Profile: Shahram Amiri
- Published
Iranian nuclear scientist Shahram Amiri has been thrust into the centre of the fraught psychological tensions that dominate relations between Tehran and Washington.
With Tehran keen to exploit every drop of propaganda from the scientist's alleged kidnap by CIA agents, more revelations are inevitable.
But so far, there are two contradictory narratives about the man, both told in his own words.
In a video message broadcast on Iranian state media on 8 June, a man claiming to be Mr Amiri said he was abducted by US and Saudi agents during a pilgrimage in Saudi Arabia in 2009.
"They took me to a house located somewhere that I didn't know. They gave me an anaesthetic injection," the man said in the video.
He said he was living in Tucson, Arizona, and said he had been subjected to eight months of "the most severe tortures and psychological pressures".
He described himself as an "expert and researcher" at Malek Ashtar University, but claimed that the US had wanted him to pretend he had stolen nuclear secrets.
This is the version Iranian officials have pushed, and Tehran claims to have passed on to the US evidence that he was abducted.
This is also the version Mr Amiri has now repeated in interviews with Iranian state media.
But another video message appeared on YouTube on the same day as the first, recorded apparently by the same man, entirely contradicting that version of events.
In the second video, he said he was in the US to continue his education, adding: "I am free here and I assure everyone that I am safe."
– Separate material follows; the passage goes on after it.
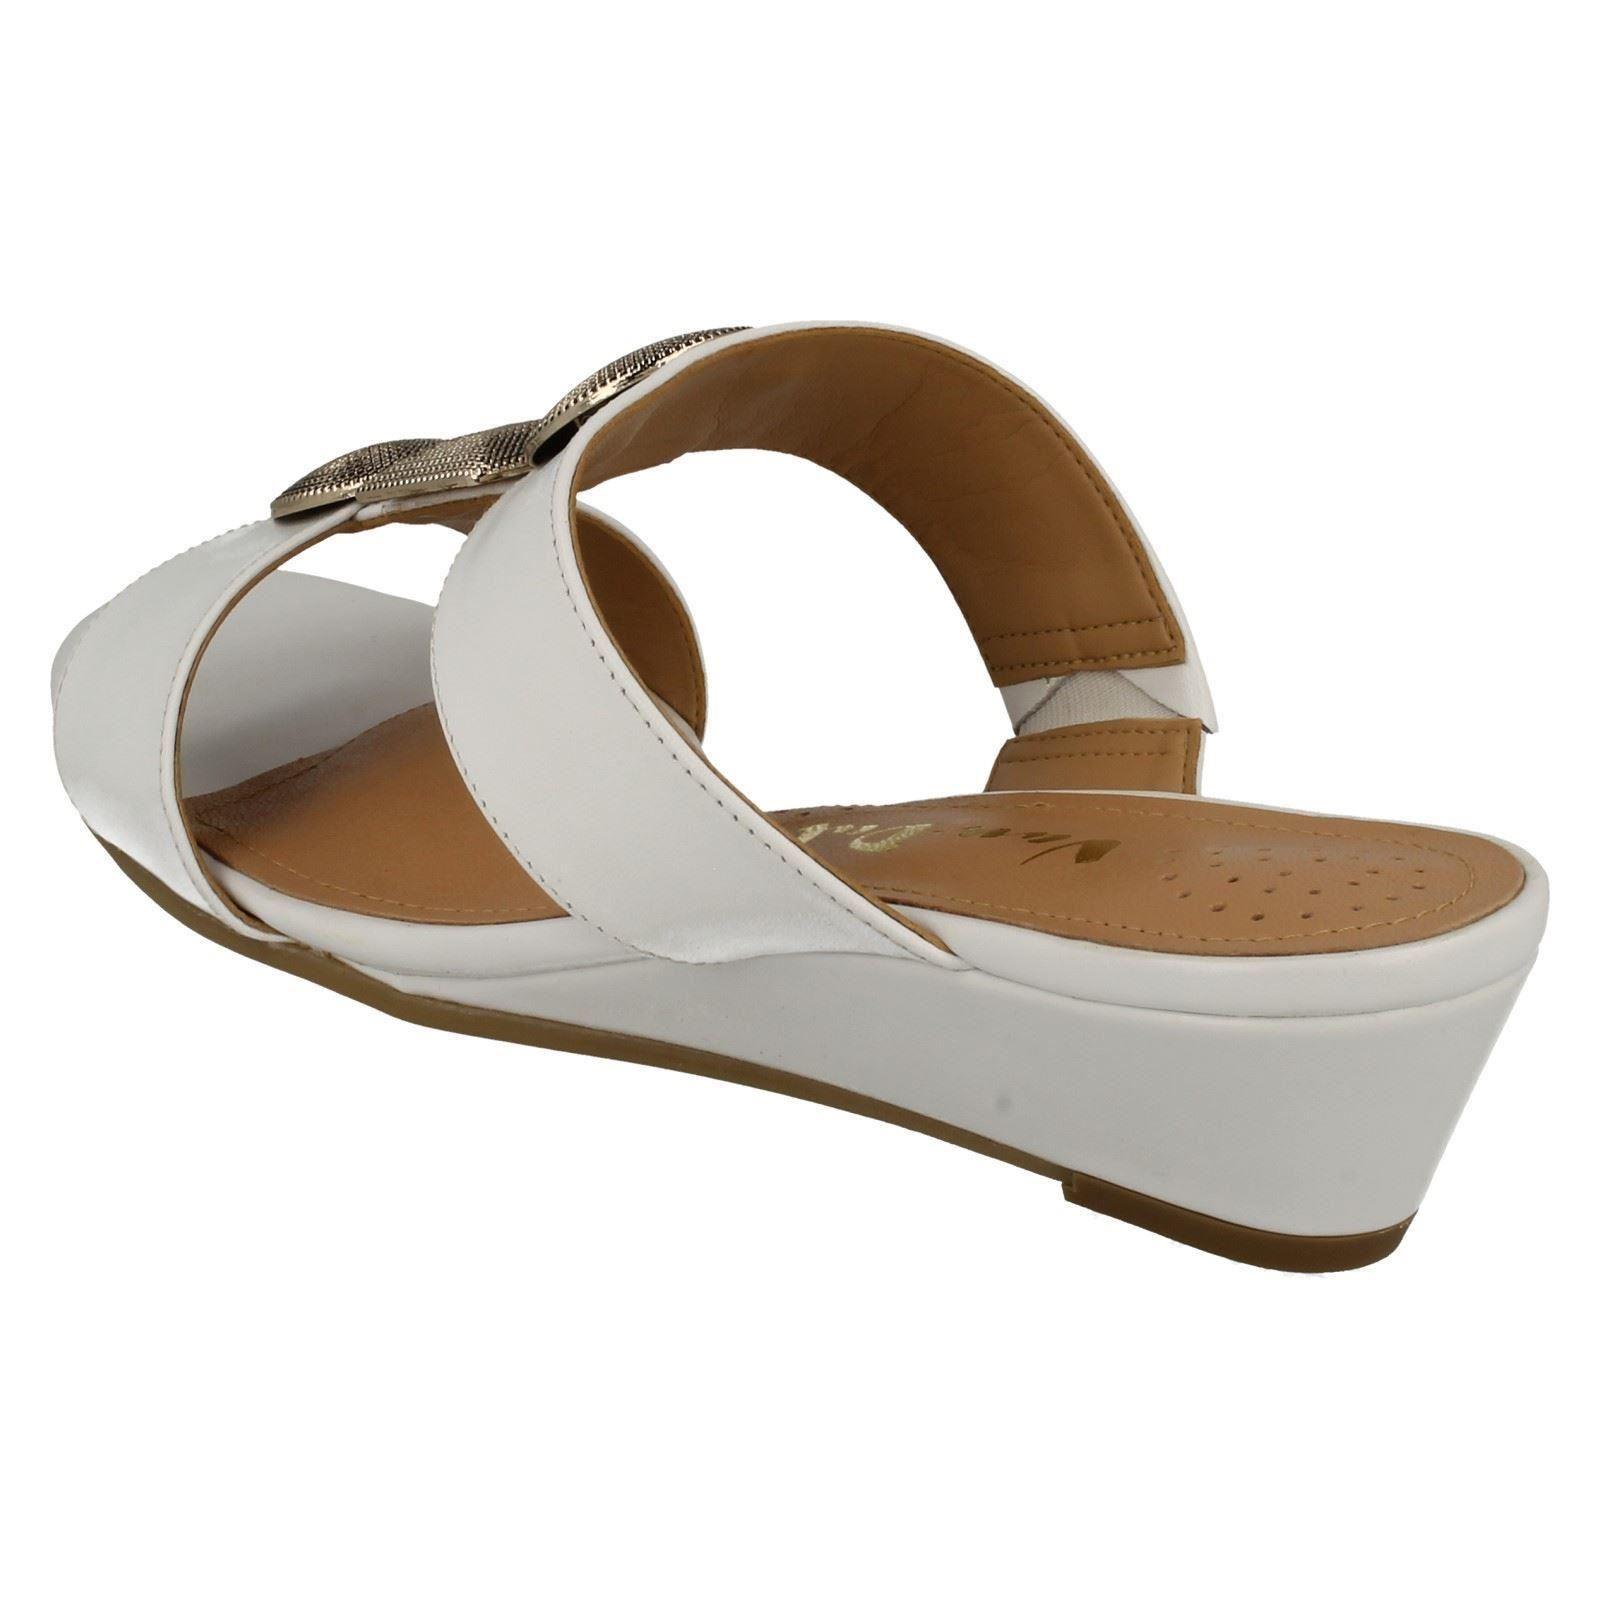 Ladies-Van-Dal-Open-Toe-Slip-On-Summer-Low-Wedge-Leather-Sandals-Epsom thumbnail 4

He said he was "not involved in weapons research and have no experience and knowledge in this field".
Malek Ashtar University has long been alleged to have a role in a nuclear weapons programme and on 9 June, the day after Mr Amiri's initial videos emerged, the university was put under UN sanctions.
'Mystery to many'
Other reports have muddied the waters still further, variously claiming that Mr Amiri had defected to the West and helped the CIA, or that he had actually been employed by Iran's Atomic Energy Organisation.
Reports from the US quote unnamed officials and security sources as saying Mr Amiri was a low-ranking technician who had defected and provided the US with useful corroborative evidence of Iran's nuclear programme.
According to these sources, Mr Amiri was put into a witness-protection programme, but became concerned for his family in Iran and, after suffering a breakdown, decided to return to his home country.
Mr Amiri showed up at the Iranian section of the Pakistan embassy in Washington on 13 June and demanded to be returned to Iran.
The Pakistani foreign ministry confirmed to the BBC that he had taken refuge at their embassy - the first time non-Iranian officials had confirmed any details about Mr Amiri.
Later, the US also acknowledged his presence - Secretary of State Hillary Clinton saying he was in the country "of his own free will" and was free to leave.
After months of flat denials from the state department that they had any information about Mr Amiri, department spokesman Philip Crowley revealed that he had been in the country "for some time", and the government had "maintained contact with him".
On 14 July, Iranian officials said he had finally left the US and was on his way back to Iran.
Mr Amiri has promised to clarify all of the allegations made about him when he returns.
"When I am hopefully in my dear country Iran, I can speak to the media and my own people with ease of mind, and tell them about my ordeal over the past 14 months, incidents that have been a mystery to many," state media quoted him as saying.